Aktualita.co.id- Reses anggota DPRD Kabupaten Bogor Masa Sidang III Tahun 2024-2025 Daerah Pemilihan 2 di Kecamatan Cariu menampung banyak aspirasi dari berbagai pihak terkait dari dampak Proyek Strategis Nasional (PSN) Bendungan Cibeet, Rabu (16/07/25).
Menyikapi aspirasi dari berbagai pihak terkait dampak PSN Bendungan Cibeet, Wakil Ketua DPRD Kabupaten Bogor H. Junaidi Samsudin atau yang akrab disapa Junsam mengatakan, jalan rusak akibat proyek, persoalan lahan fasos-fasum, hingga relokasi warga semuanya harus diselesaikan dengan serius.
Junsam juga menegaskan, dengan adanya aduan terkait penggunaan lahan milik Pemerintah Kabupaten Bogor oleh BBWS perlu diklarifikasi.
“Kalau memang itu tanah pemda dan sudah diperjualbelikan, maka harus diganti. Jangan cuma omong kosong, buktikan di lapangan. Kalau rusak karena proyek, maka harus diperbaiki. Kalau pakai tanah pemda, segera kembalikan atau ganti,” cetusnya.
Lebih lanjut, Junsam yang juga Sekjen DPC PPP Kabupaten Bogor menyampaikan, BBWS menyatakan komitmen untuk menyelesaikan persoalan-persoalan yang ada. Namun, menurutnya, DPRD Kabupaten Bogor akan tetap mengawal agar hal tersebut benar-benar direalisasikan.
“Tadi ada pihak BBWS saya sampaikan itu, kerjakan jangan omong kosong. Kita akan kawal, dan aspirasi yang lainnya di masalah pendidikan dan lain sebagainya kita akan bawa, mudah mudahan tahun 2026 nanti dapat terealisasi,” pungkasnya.
Sementara, Plt Camat Cariu, H. Agus Sopiyan Budi Asmara, dalam Reses DPRD Kabupaten Bogor di Kecamatan Cariu membeberkan semua persoalan yang timbul akibat proyek pembangunan nasional (PSN) Bendungan Cibeet dan Cijurey, yang salah satunya mengenai proses relokasi warga terdampak.
“Pembangunan proyek bendungan saat ini Sudah berjalan dan pembayaran pun sudah ada yang di lakukan, mungkin ada sedikit kendala untuk kita diselesaikan. Pertama dalam pembebasan lahan, kami sudah sering berkomunikasi dengan ekbang dan sekda tentang relokasi ini.
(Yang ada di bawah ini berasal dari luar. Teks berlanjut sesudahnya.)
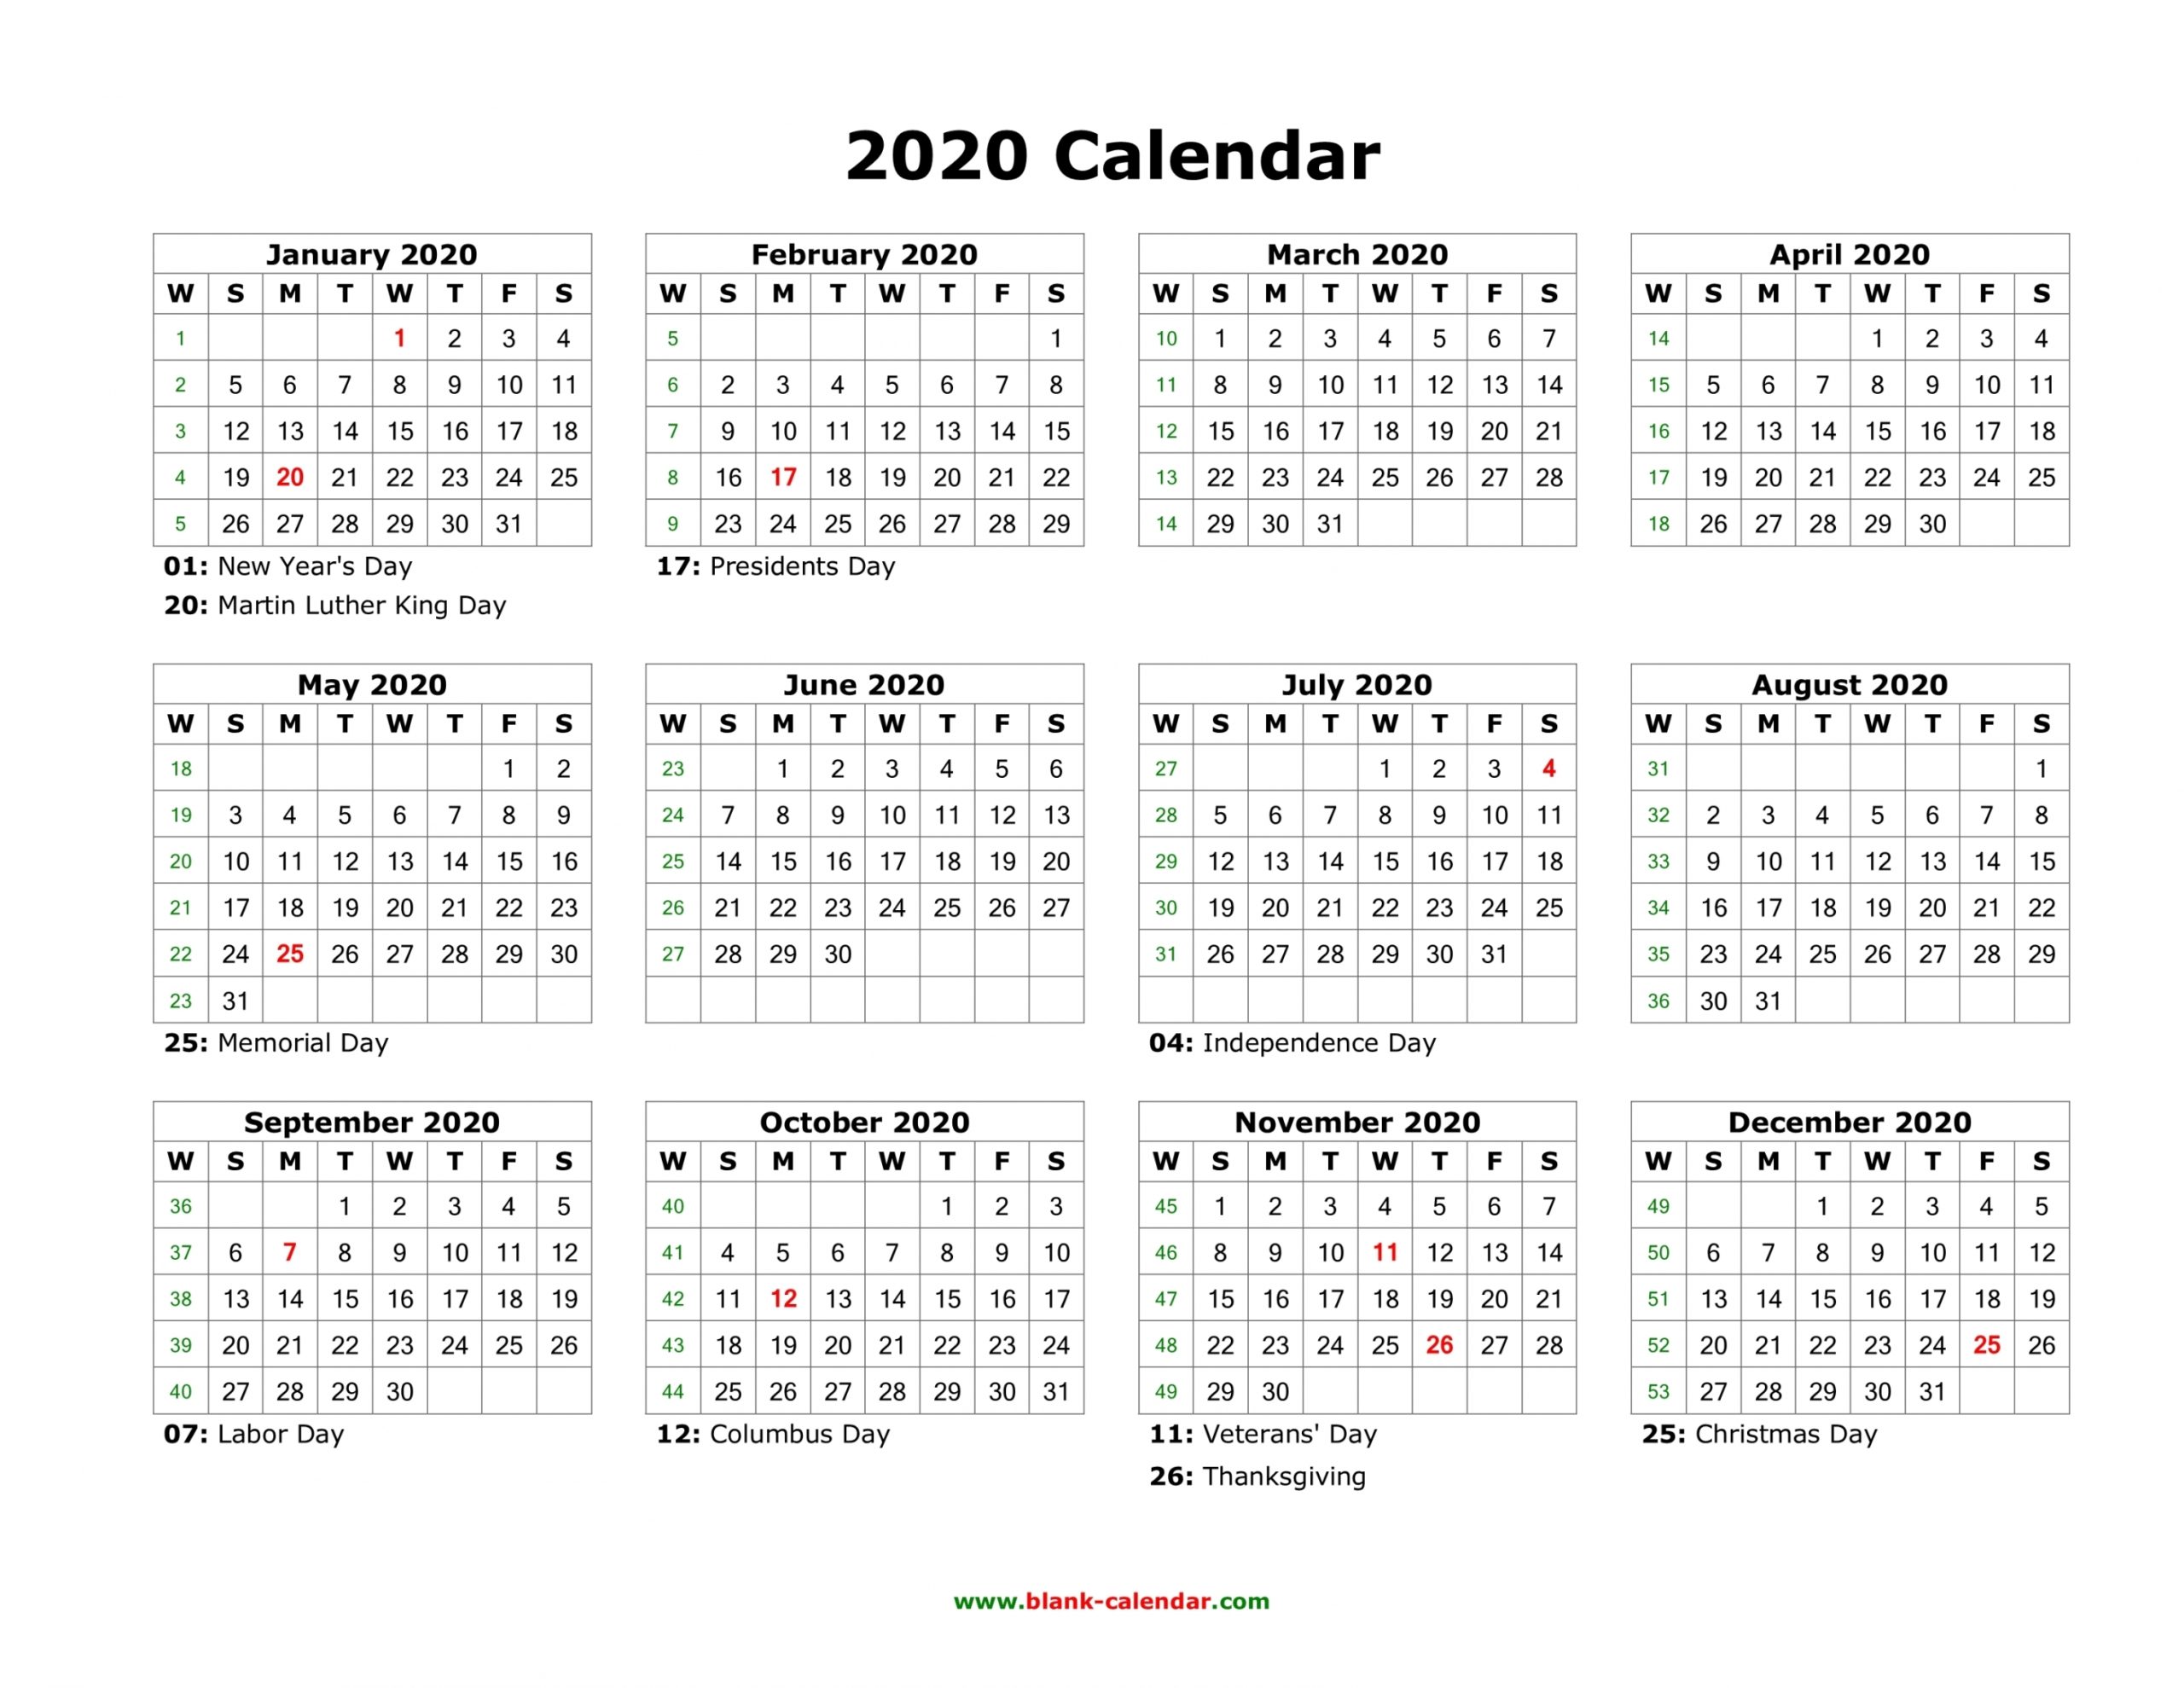 Printable Yearly Calendar 2020

“Warga ini gelisah. Mereka ingin relokasi tetapi ingin di satu tempat tidak ingin di pisahkan. Ketika sudah dilakukan pembayaran mereka bingung, mau beli lahan ada salah satu lahan tapi harganya tidak sesuai. Kami mohon agar supaya bisa relokasi ini sesuai dengan keinginan para kepala desa, dan warga itu ditempatkan di satu tempat,” sambungnya.